If you are going to have a conversation with somebody, then you at least need to be nearby.

4) Be trust-worthy. Being worthy of somebodies trust is actually not that difficult. If we put the issue of capabilities aside, then most of it stems from your sincerity and authenticity.

If I don't know you, then don't send me a one line email saying you want to connect with me on LinkedIn. Why should I give you access to my network?

If I follow you don't send me a "gift" in your answer message.

If we aren't friends, and have no real reason to be friends, then don't try to friend me on Facebook.

Why? Because all of these are inauthentic. All of these actions show that you want me as a number, a statistic, that you are hoping to leverage my network for your own financial ends. And that your interest in me is nearing zero.

It doesn't take much to spark up a conversation. It takes very little to see if there is any common ground. And in the cyber-networked world where information is king, it often takes very little for you to help me out in some way.

It is very tempting to go over to the dark side. To start wildly growing a network of millions of unrelated people. But my experience has been that one connection made through authentic attitudes and sincere intentions, is worth 20 made through random links and follows.

5) Be interesting. Again, boring is background noise. people don't re-tweet boring messages. They don't tell their friends about them, and they don't share the links, or conversations, with others.

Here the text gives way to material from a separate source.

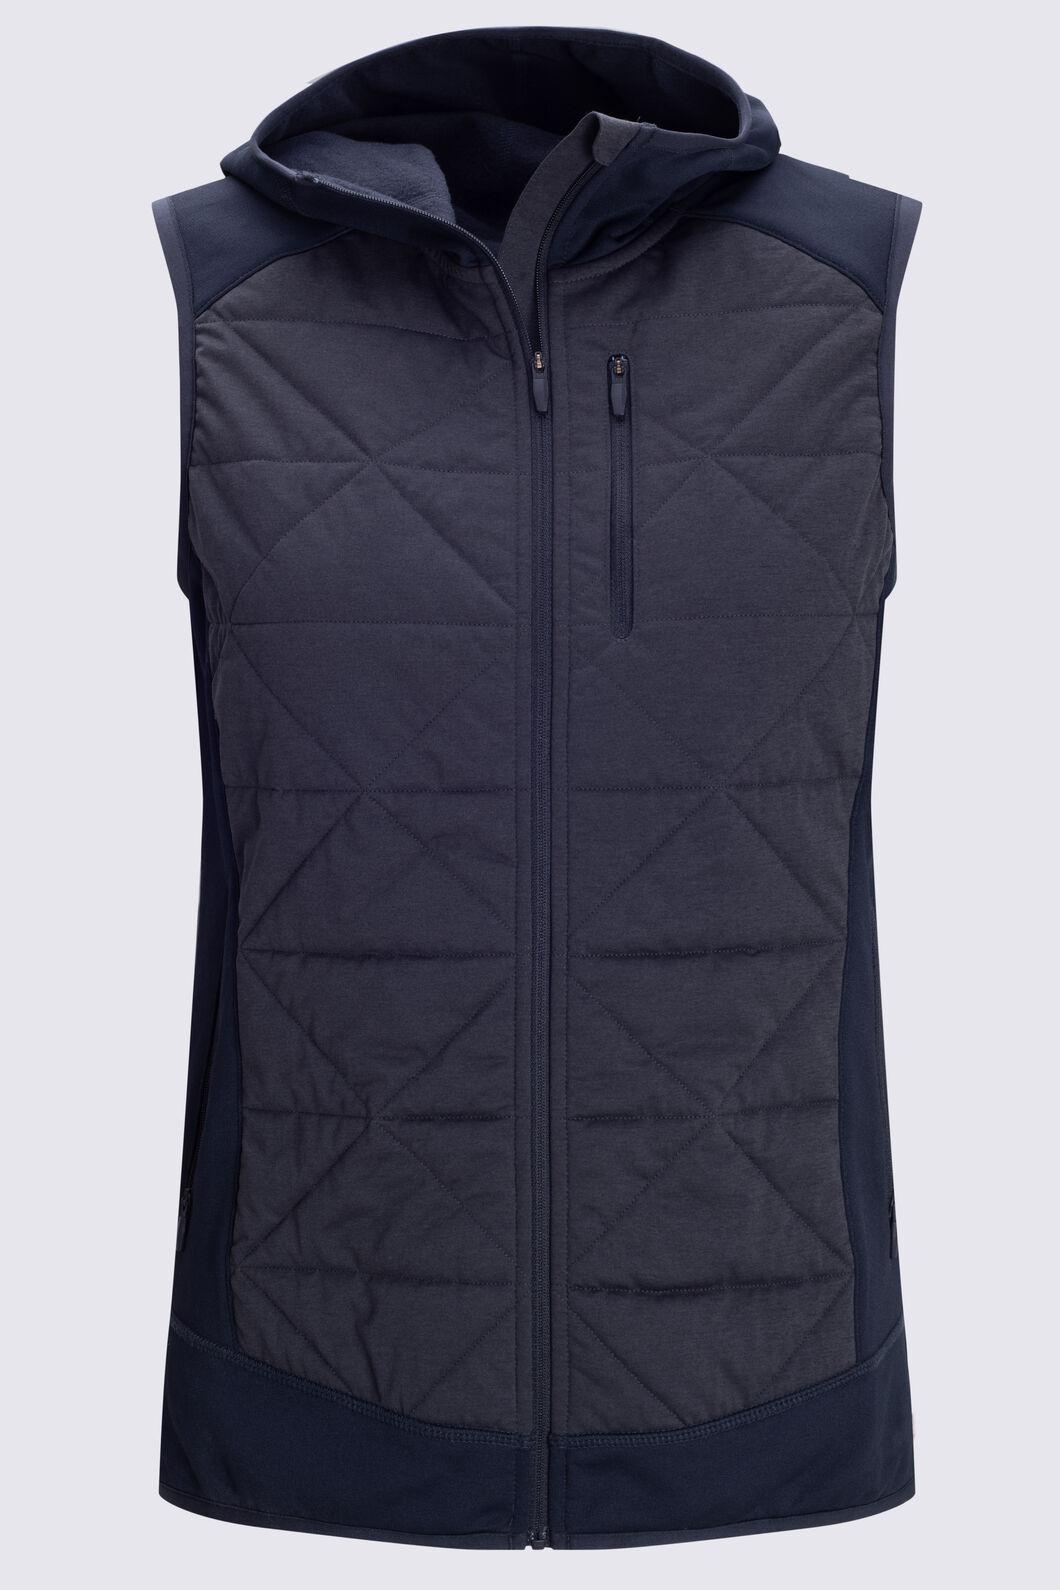 Macpac Women's Accelerate PrimaLoft® Fleece Vest, Black, hi-res

Are you interesting? Are you up to date with current events and specific issues relating to the world at large? Are you well read? Do you remember the last time you read anything that wasn't business related? Are you informed on a wide range of issues or just those relating to your narrow area of focus?

Being interesting is also about authenticity and sincerity. I could feign knowledge about the economic woes of the Detroit car makers, but it would be transparently obvious that I knew very little to nothing...but I could tell you what I saw Michael Moore say on Countdown yesterday...

The world is filling up with noise so fast it is almost unbearable. As many-to-many conversations multiply and give way to yet more complex forms of communication, you need to star thinking of ways to be the voice that stands out in the crowd.